Making a good sour beer requires a lot of patience. Goodwin, 28, spent a year monitoring the temperature and humidity of his warehouse before he ever aged a single beer there. His office computer contains a spreadsheet of color-coded data where he tracks the pH, sugar content, temperature and age of every barrel. “All those things can really impact the flavor more than people realize,” he says.

Jay Goodwin (left) and Alex Wallash at The Rare Barrel in Berkeley. (Photo: Cynthia McKelvey)

“[Goodwin] has a relatively short list of things he likes to spend his time on. But he goes as deep down that rabbit hole as possible,” says Alex Wallash, Goodwin’s business partner. Goodwin and Wallash, friends since their freshman year at UC Santa Barbara, decided to start The Rare Barrel in 2012 because they both loved sour beer but had a hard time finding it. Wallash said his friends and family thought the idea of an all-sour brewery was crazy. Thankfully, some investors were crazy enough to fund their project, Wallash says.

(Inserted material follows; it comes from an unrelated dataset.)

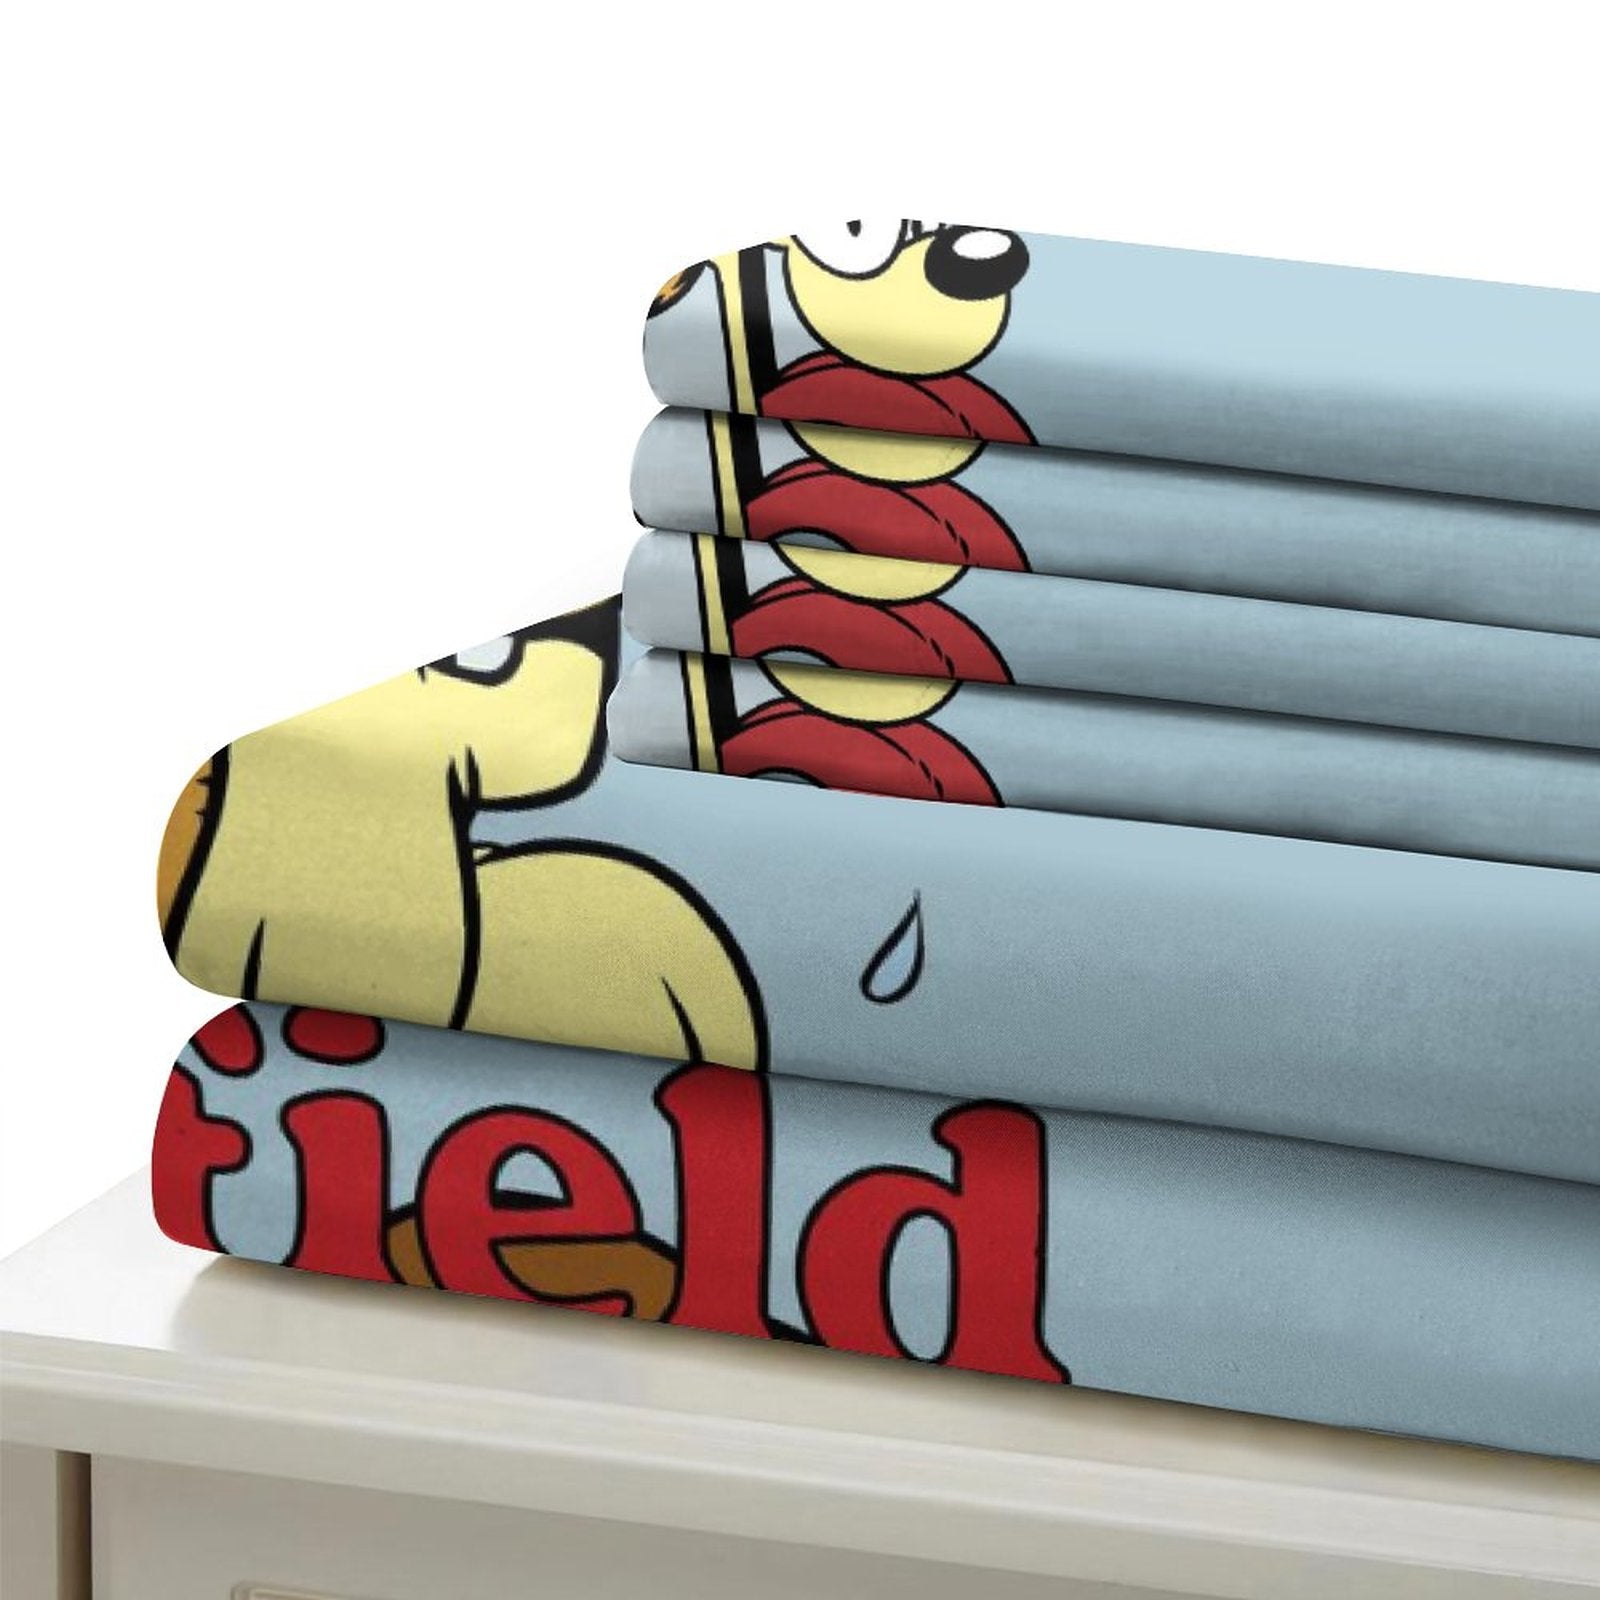 2024 NEW Garfield Bedding Set Quilt Cover Without Filler

Wallash and Goodwin are cautiously optimistic about their new venture. Wallash is tall, long-faced and all angles. He is animated, frequently switching positions when he is speaking. Goodwin is shorter and stockier. Like many brewers, he has a full, round dark brown beard. He speaks with an even-tempered, tranquil voice that seems to hide more than it reveals. He prefers to work alone, free of distractions; even his assistant has yet to witness a brew day.

Members of The Rare Barrel's Founders Club can buy exclusive bottles and fill growlers at the tasting room. But due to limited supply, Goodwin and Wallash make most of their profit from their tasting room, open on Fridays and Saturdays in a small section of the barrel house. The 20- to 30-year-olds stand around oak barrels repurposed as tables, stout tulip glasses in hand. The room resembles a posh coffee shop. Everything is made from unvarnished wood, brushed steel, and subway tiles. Hanging tungsten light bulbs provide some dim light. Wallash manages the bar, overseeing employees and answering questions about the beers. Goodwin, on the other hand, takes Friday and Saturday nights off after a long week of brewing, barreling, blending and bottling.

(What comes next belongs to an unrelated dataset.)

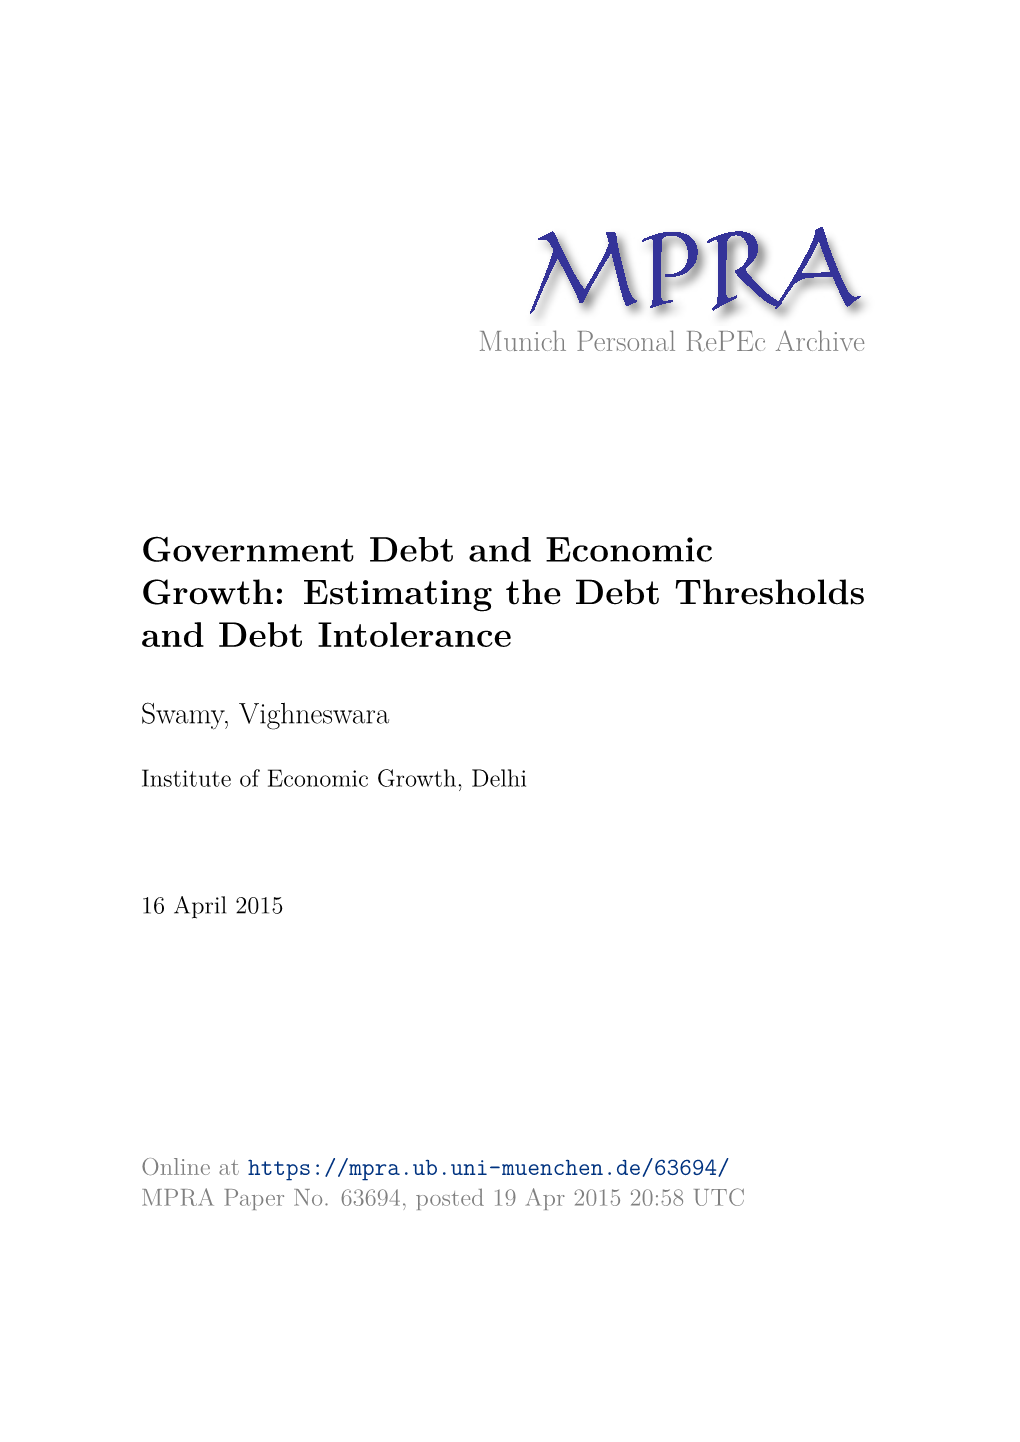 Government Debt and Economic Growth: Estimating the Debt Thresholds and Debt Intolerance

 “It’s an interesting concept because most places that are well known for their sour beer, like Russian River, have a regular beer selection as well. I think it’s just cool that [The Rare Barrel is] all-sour,” says 28-year-old James Lee, an Oakland-based distiller and fan of sour beer. He says that The Rare Barrel is unique because “the focus is not on the brewing so much as the blending and barrel-aging.”


The Rare Barrel's tasting room. (Photo: Cynthia McKelvey)

A beer’s journey

Brewing beer requires four ingredients: barley, water, hops, and yeast. The barley is steeped in water to release natural enzymes that break down starches into simple and complex sugars. Then adding hops to the mixture, known as the wort, seasons the beer. Finally a dose of yeast ferments the wort into beer. For a not-sour beer, the time between brew to bottle takes two to eight weeks.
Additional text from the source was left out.